What? He had pushed her? When she thought he was reaching for her because he wanted help, his real intention was to help her. When she thought he was trying to save himself, his real intention had been to save her.
"I thought you were reaching for my hand. For help. I thought you needed help."
"I knew you needed it more than me."
Their eyes met again, a third time she realized. And just like her third push on his chest had revived him by forcing water out of him, their locked gazes forced something to flood her system.
She told herself it was the usual euphoria that one experienced after having narrowly beaten back death, but she ignored the idea. She'd felt that euphoria before and this was more. It had a different dimension. And, her heart hoped, would have a different result.
Her reverie was broken when his head lolled against her chest, coming to rest in the space in between her breasts. She was surprised by the closeness, the intimacy, for an instant then she gave in to her own fatigue and didn't fight him off. His head turned so his cheek was pressed against her sopping shirt. Still shivering, she huddled against him for warmth. He inhaled sharply and his face twisted into what looked like a grimace.
"Castle?"
"I'm fine. Just cold. And exhausted. I can't hold myself up I'm so exhausted. I hurt all over but I can't stop shivering." He felt and sounded like a helpless, injured child who only wanted comfort.

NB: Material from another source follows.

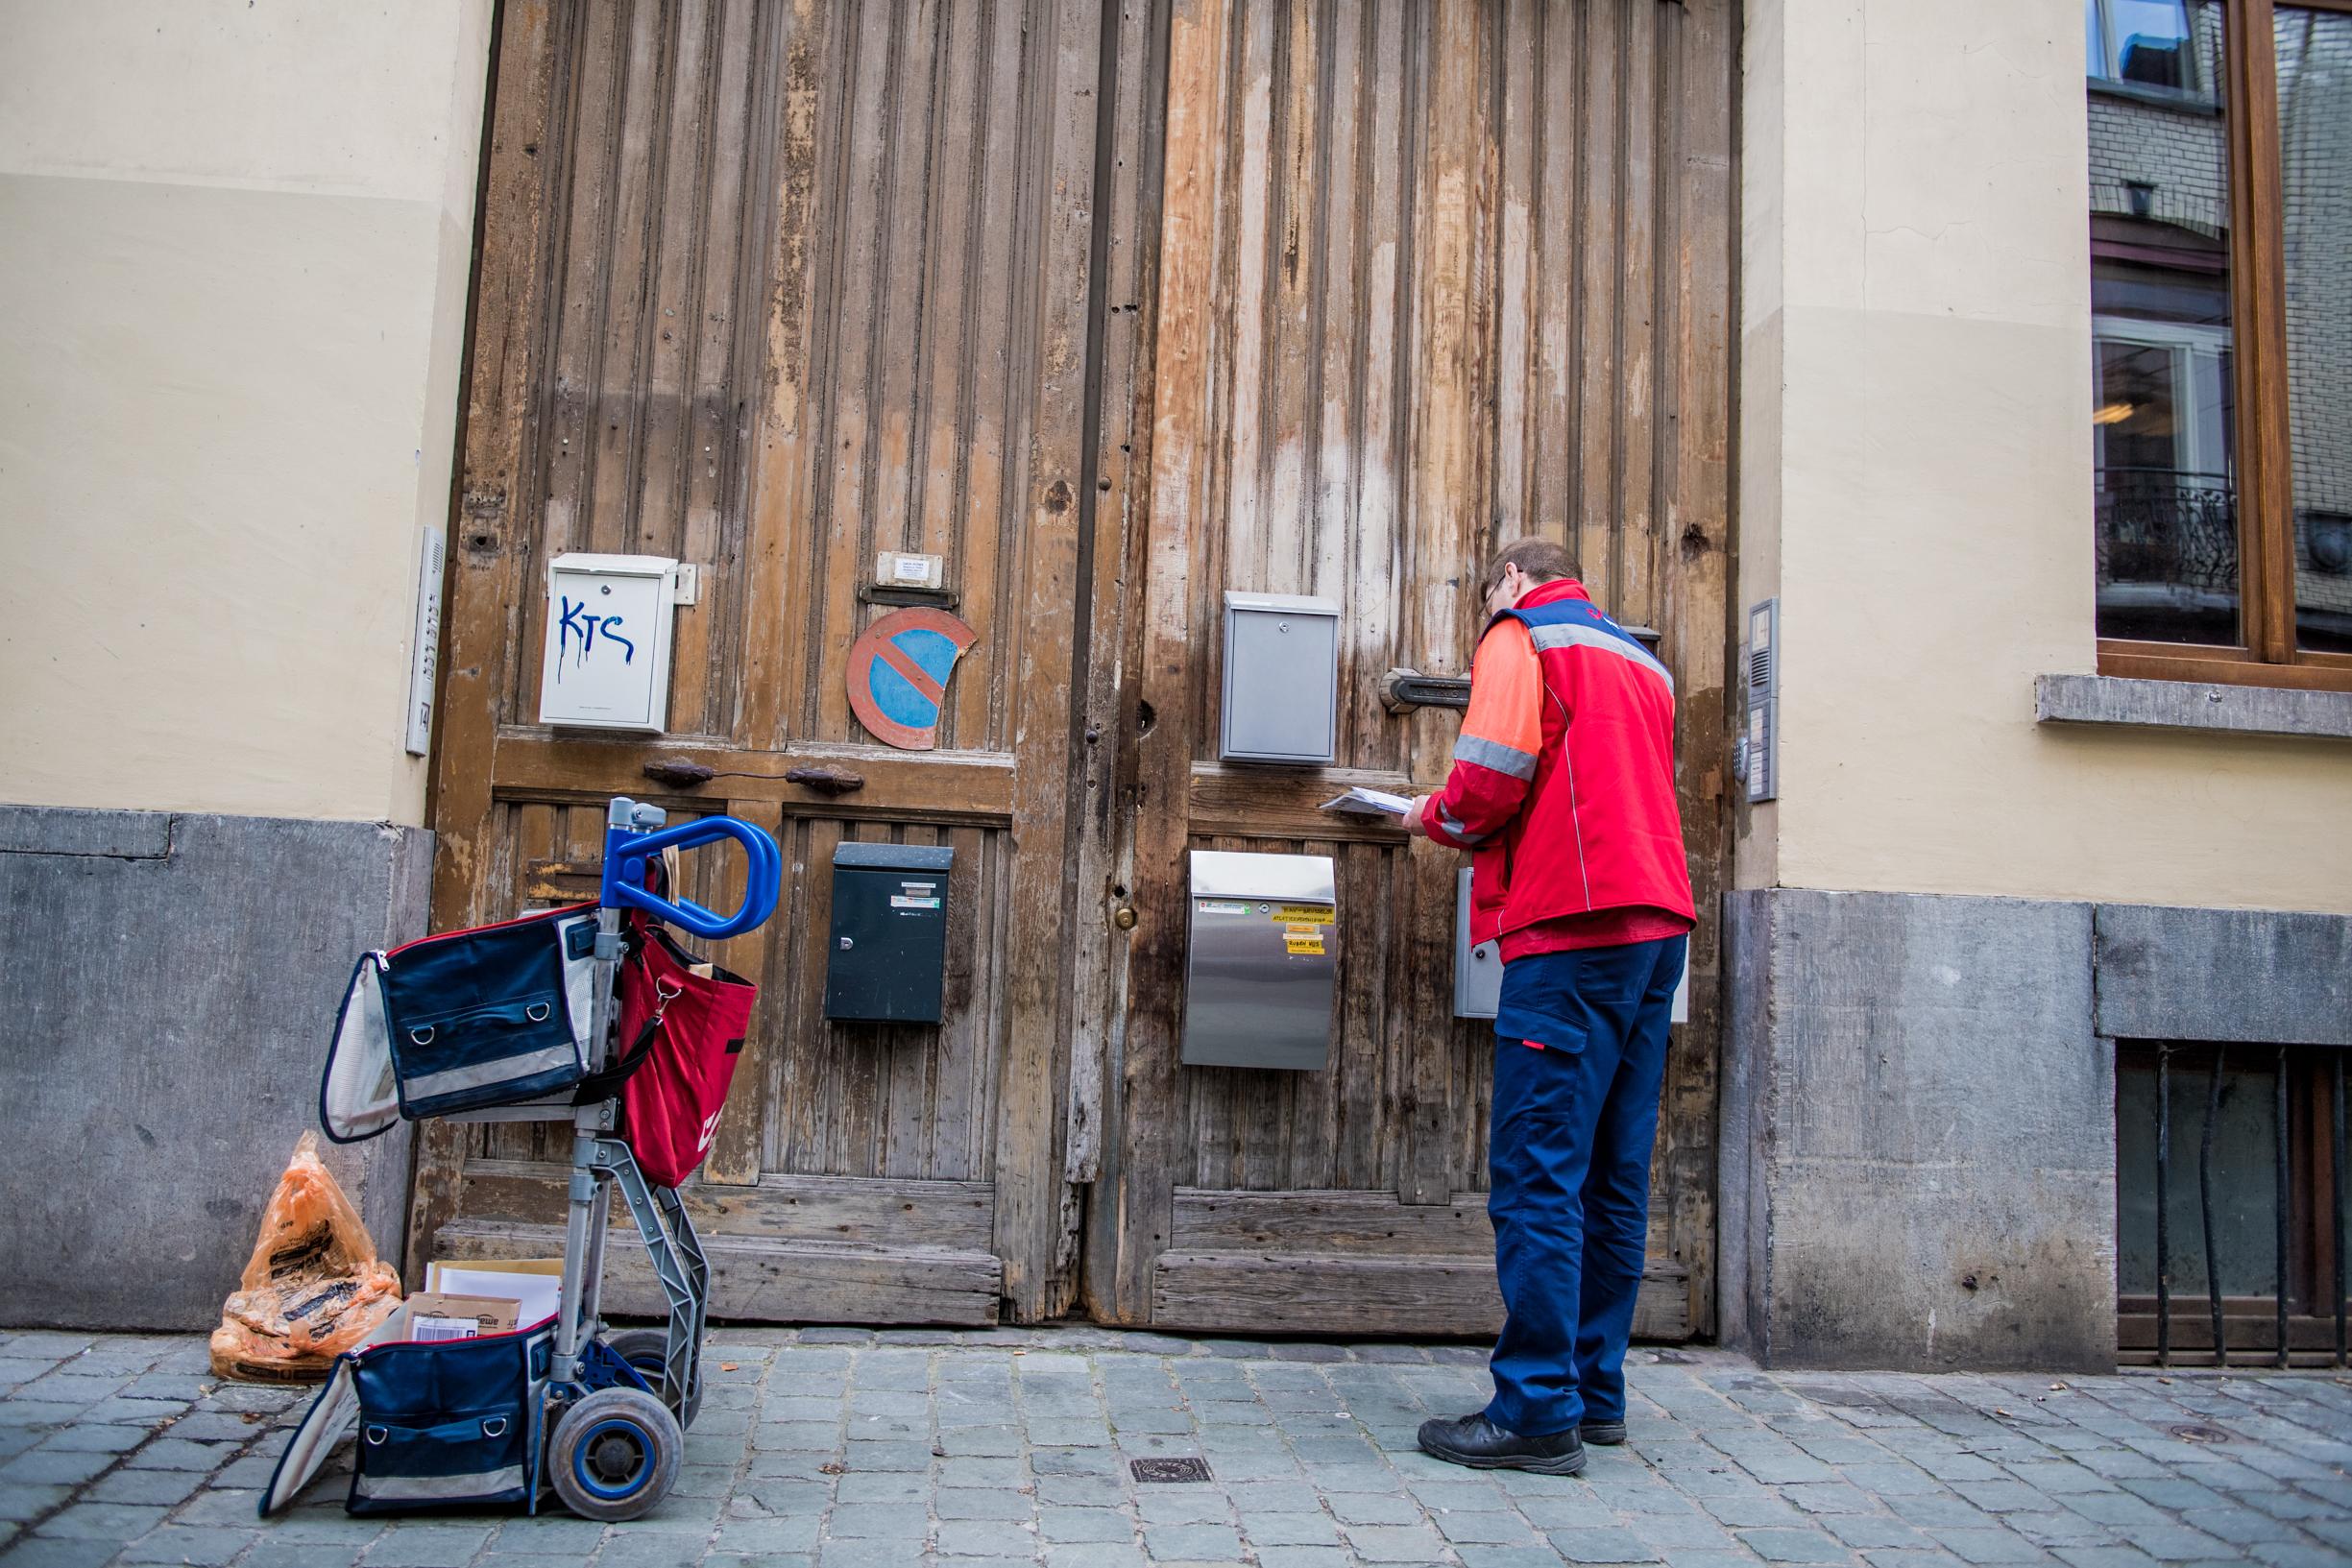 BRUXELLES, illustration facteur courrier bpost la poste lettre boite aux lettres enveloppe.GOLINVAUX MATHIEU./LESOIR

"It's the cold water and the adrenaline backing off." She guessed.
"Yeah. One thing's for sure though, it's gonna be a while before I swim laps in the pool at my health club."
She let out a laugh as the comment caused bright warmth to spread out from her heart. She wrapped an arm around his shoulders and cradled his head against her with her other hand as she heard sirens approaching. He weakly slipped his arms around her waist.
He made it. He was back.
They'd both made it. And both would be back.